An Uncommon Presentation of Tuberculosis with Cervical Pott’s Disease Initially Suspected as Metastatic Lung Cancer
Roberta Buso1, 2, Marcello Rattazzi1, 2, Massimo Puato1, Paolo Pauletto*, 1, 2
Identifiers and Pagination:Year: 2013
First Page: 86
Last Page: 89
Publisher Id: TOIDJ-7-86
Article History:Received Date: 11/3/2013
Revision Received Date: 13/3/2013
Acceptance Date: 1/4/2013
Electronic publication date: 17/5/2013
Collection year: 2013
open-access license: This is an open access article distributed under the terms of the Creative Commons Attribution 4.0 International Public License (CC-BY 4.0), a copy of which is available at: https://creativecommons.org/licenses/by/4.0/legalcode. This license permits unrestricted use, distribution, and reproduction in any medium, provided the original author and source are credited.
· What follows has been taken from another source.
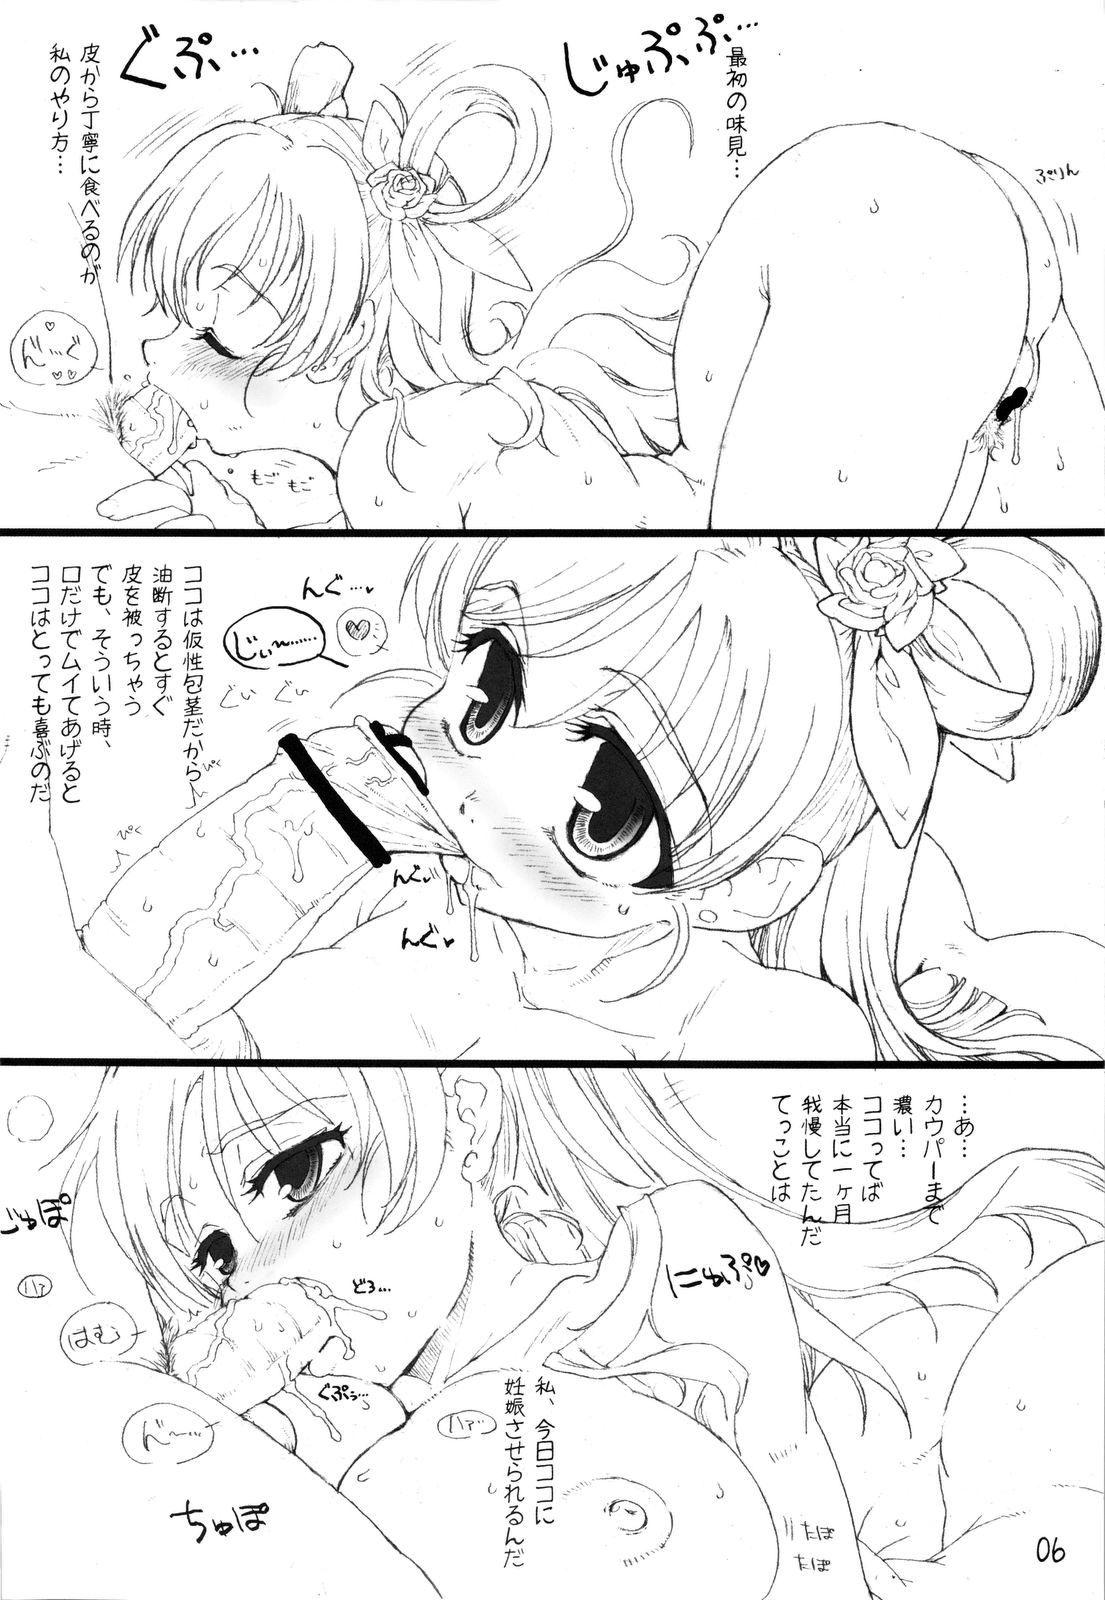 Sluts Dream to Issho! - Yes precure 5 Teen Sex - Page 6
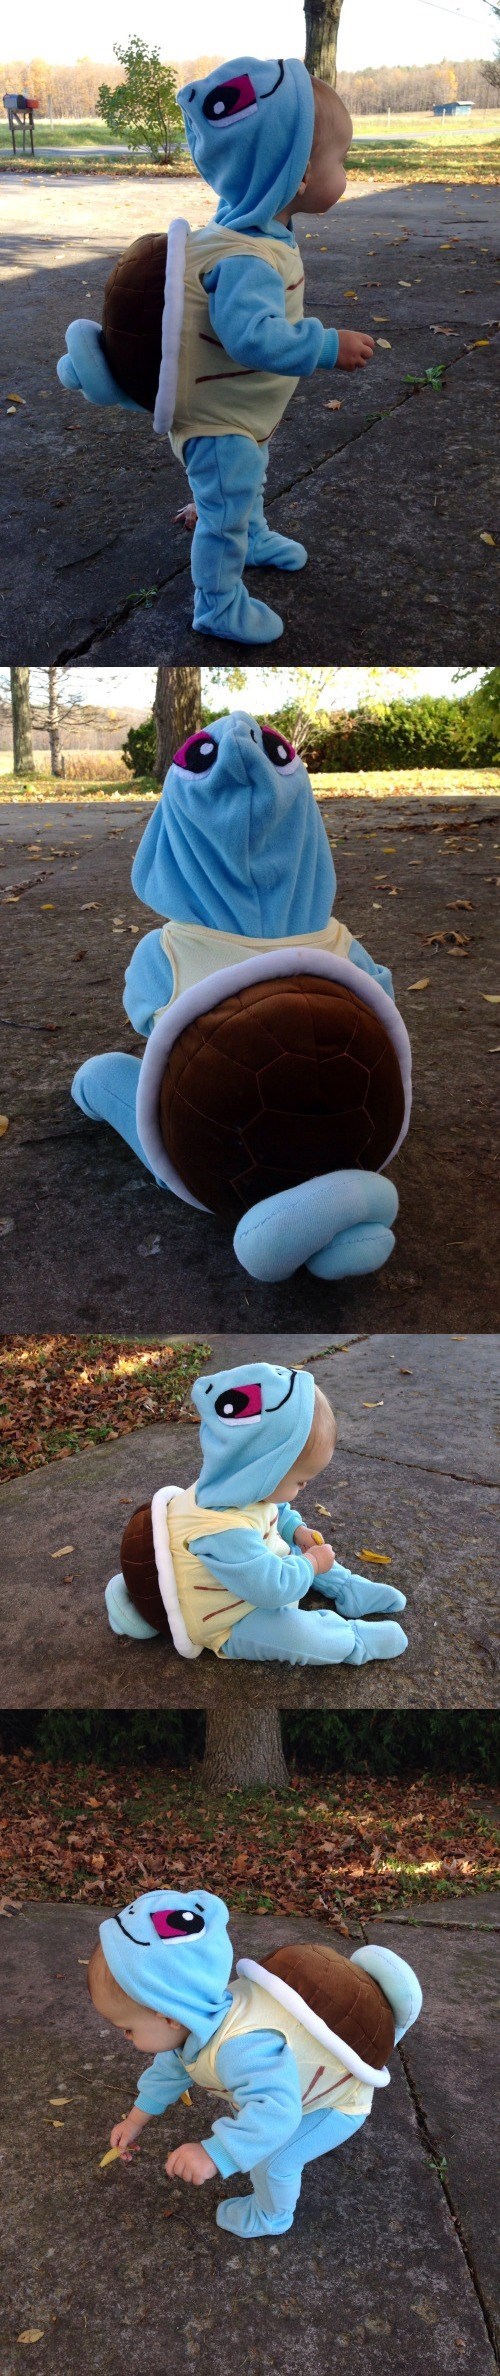 It Doesn't Get Cuter Than This Baby Squirtle

Cervical Pott's disease is a rare clinical condition whose diagnosis is usually delayed. We report a case of lung tuberculosis (TB) and cervical Pott’s disease mimicking a metastatic lung cancer. The patient presented with persistent cervical pain. Radiologic examinations showed the presence of a lytic lesion of C3 vertebral body, associated with spinal cord compression. A CT scan of the thorax showed a lung nodule highly suspicious for malignancy in the apical region of right lung upper lobe. Neurosurgical decompression was performed. Unexpectedly, histological analysis showed the presence of an inflammatory infiltrate suggestive for TB infection. The patient was immediately treated with antituberculous drugs. Atypical forms of spinal TB, such as cervical TB, can be misdiagnosed as primary or metastatic cancers and lead to delay of treatment initiation that could be fatal. Awareness of this uncommon TB presentation is important to prevent morbidity and mortality associated with spinal cord injury and disease dissemination.